» **Task to complete**:
Begin with the line below holding "Im letzten Slalom" and go on through the line holding "Avrupa’ın ilk ve", duplicating each line exactly and leaving out pictures.

» **Given information**:

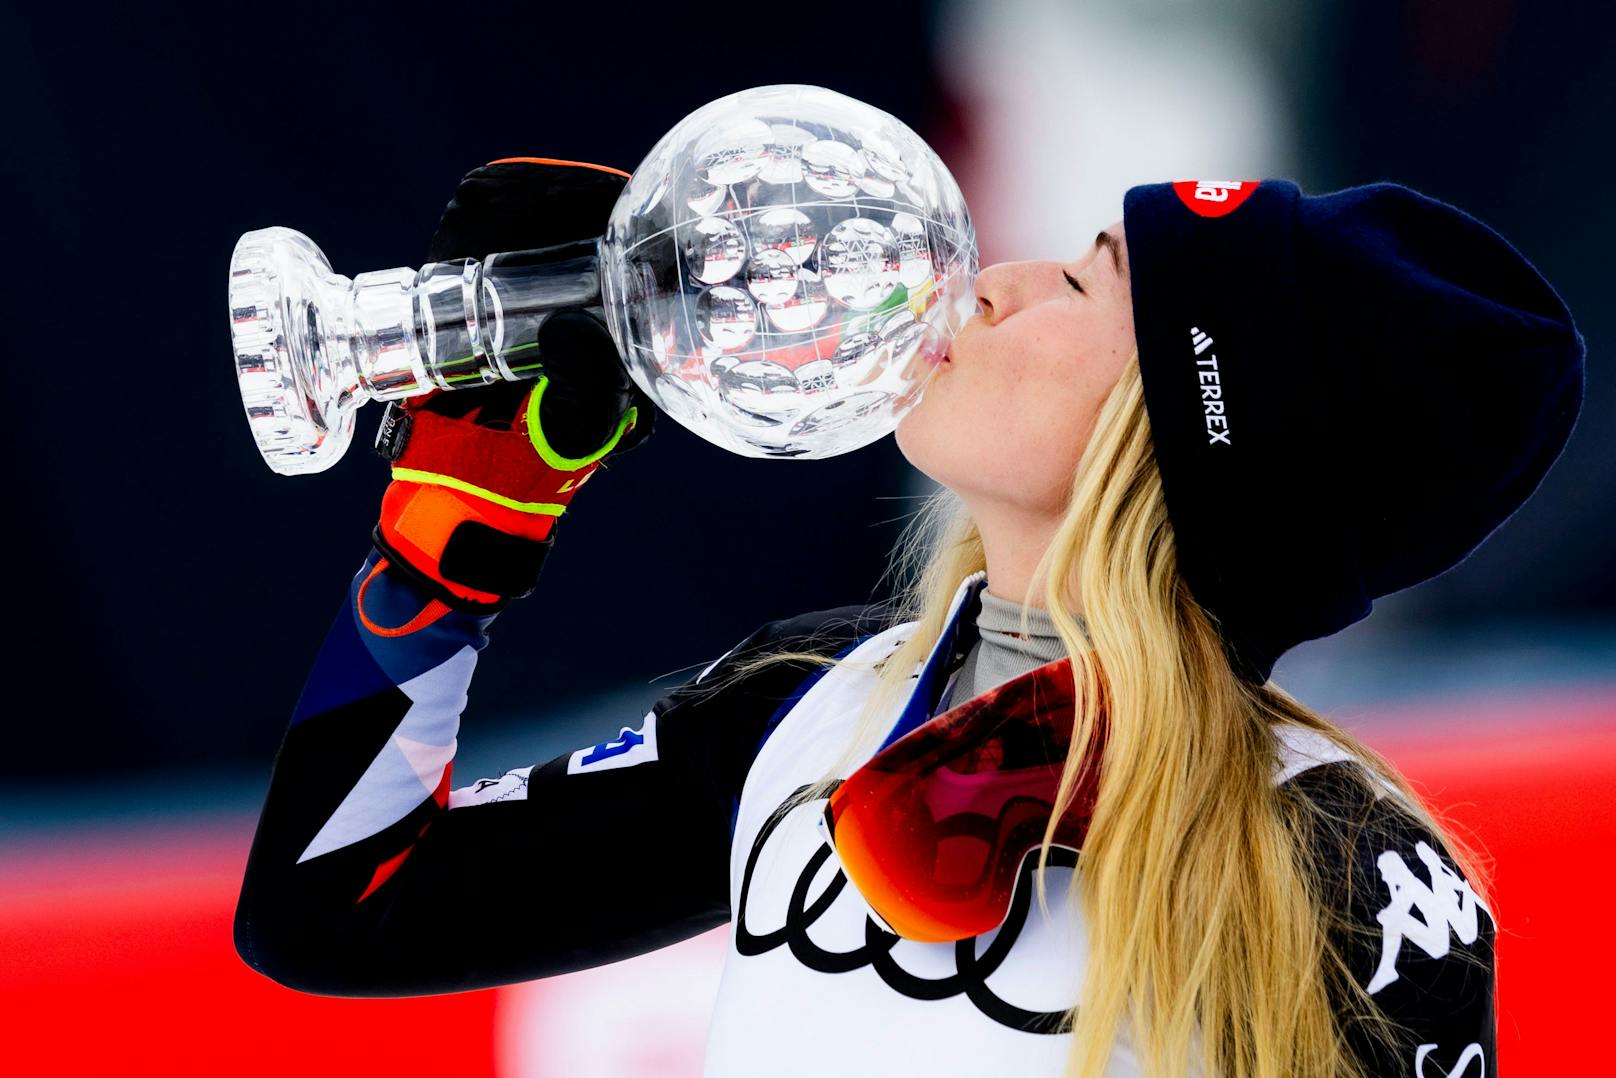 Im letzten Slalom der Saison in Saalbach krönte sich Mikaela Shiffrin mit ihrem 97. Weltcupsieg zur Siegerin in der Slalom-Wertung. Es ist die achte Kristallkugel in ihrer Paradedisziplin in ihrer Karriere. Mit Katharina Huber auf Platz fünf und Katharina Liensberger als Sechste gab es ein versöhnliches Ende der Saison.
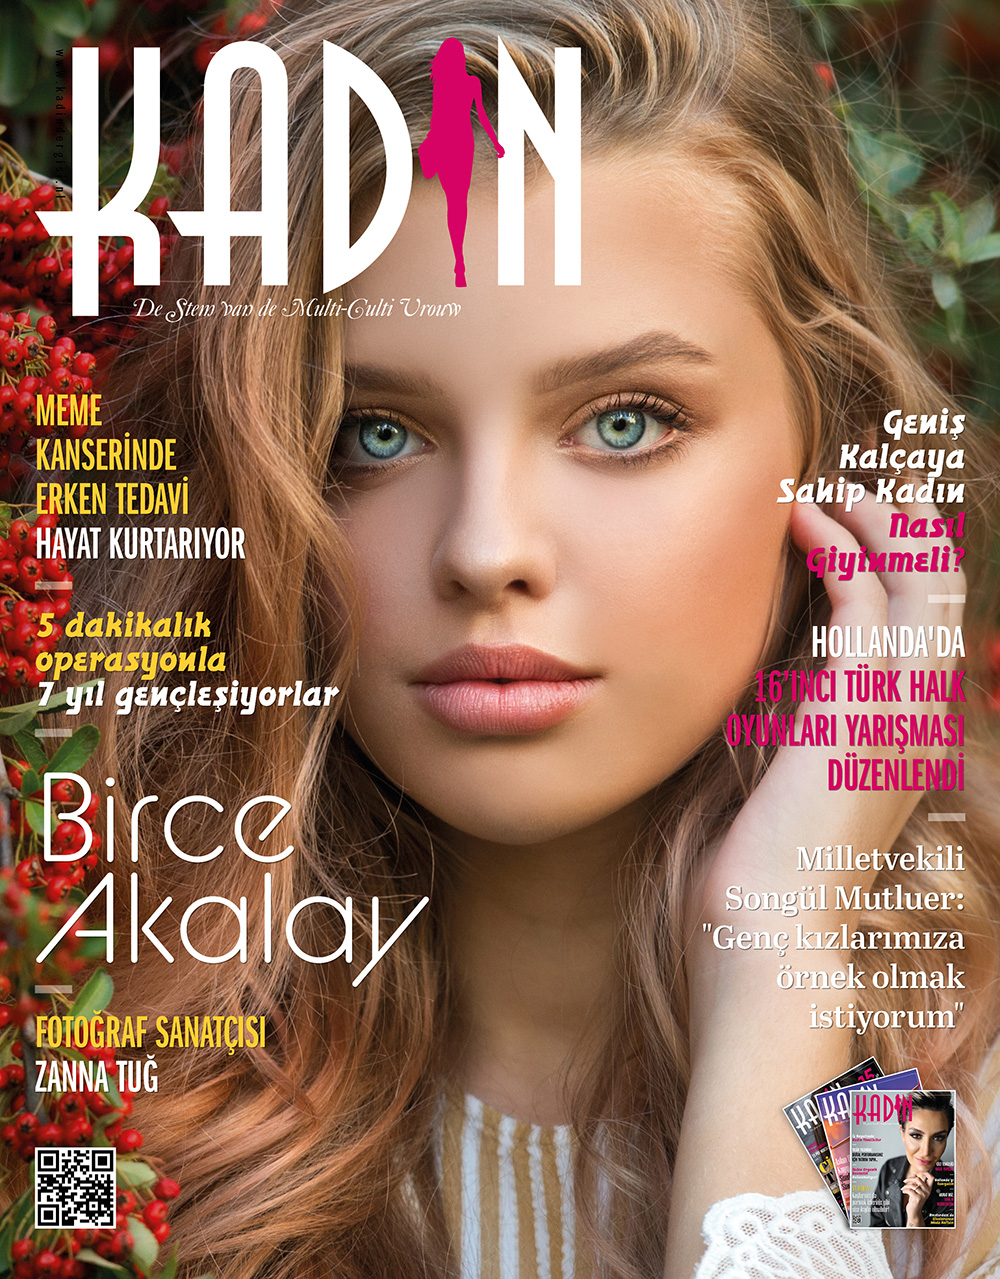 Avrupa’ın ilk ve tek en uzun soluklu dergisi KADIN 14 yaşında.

--

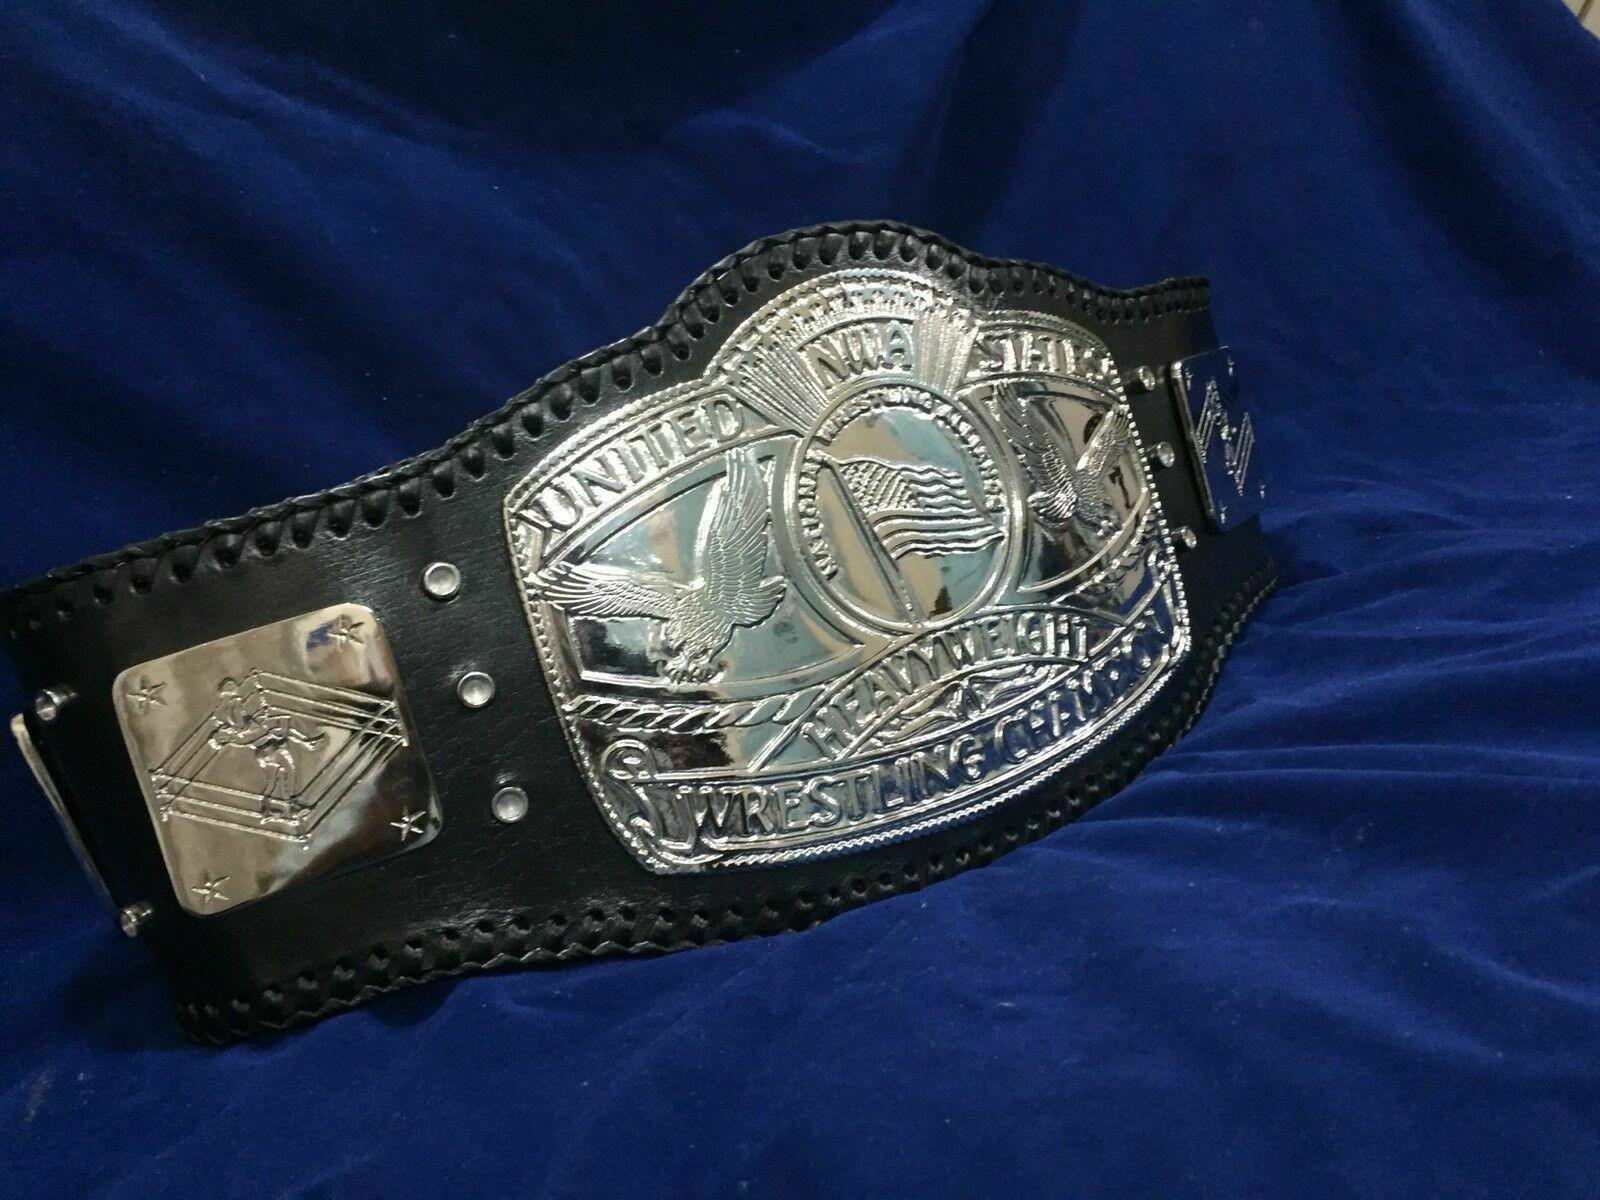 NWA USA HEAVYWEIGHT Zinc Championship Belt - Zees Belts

» **Response to the exercise**:
 Im letzten Slalom der Saison in Saalbach krönte sich Mikaela Shiffrin mit ihrem 97. Weltcupsieg zur Siegerin in der Slalom-Wertung. Es ist die achte Kristallkugel in ihrer Paradedisziplin in ihrer Karriere. Mit Katharina Huber auf Platz fünf und Katharina Liensberger als Sechste gab es ein versöhnliches Ende der Saison.
 Avrupa’ın ilk ve tek en uzun soluklu dergisi KADIN 14 yaşında.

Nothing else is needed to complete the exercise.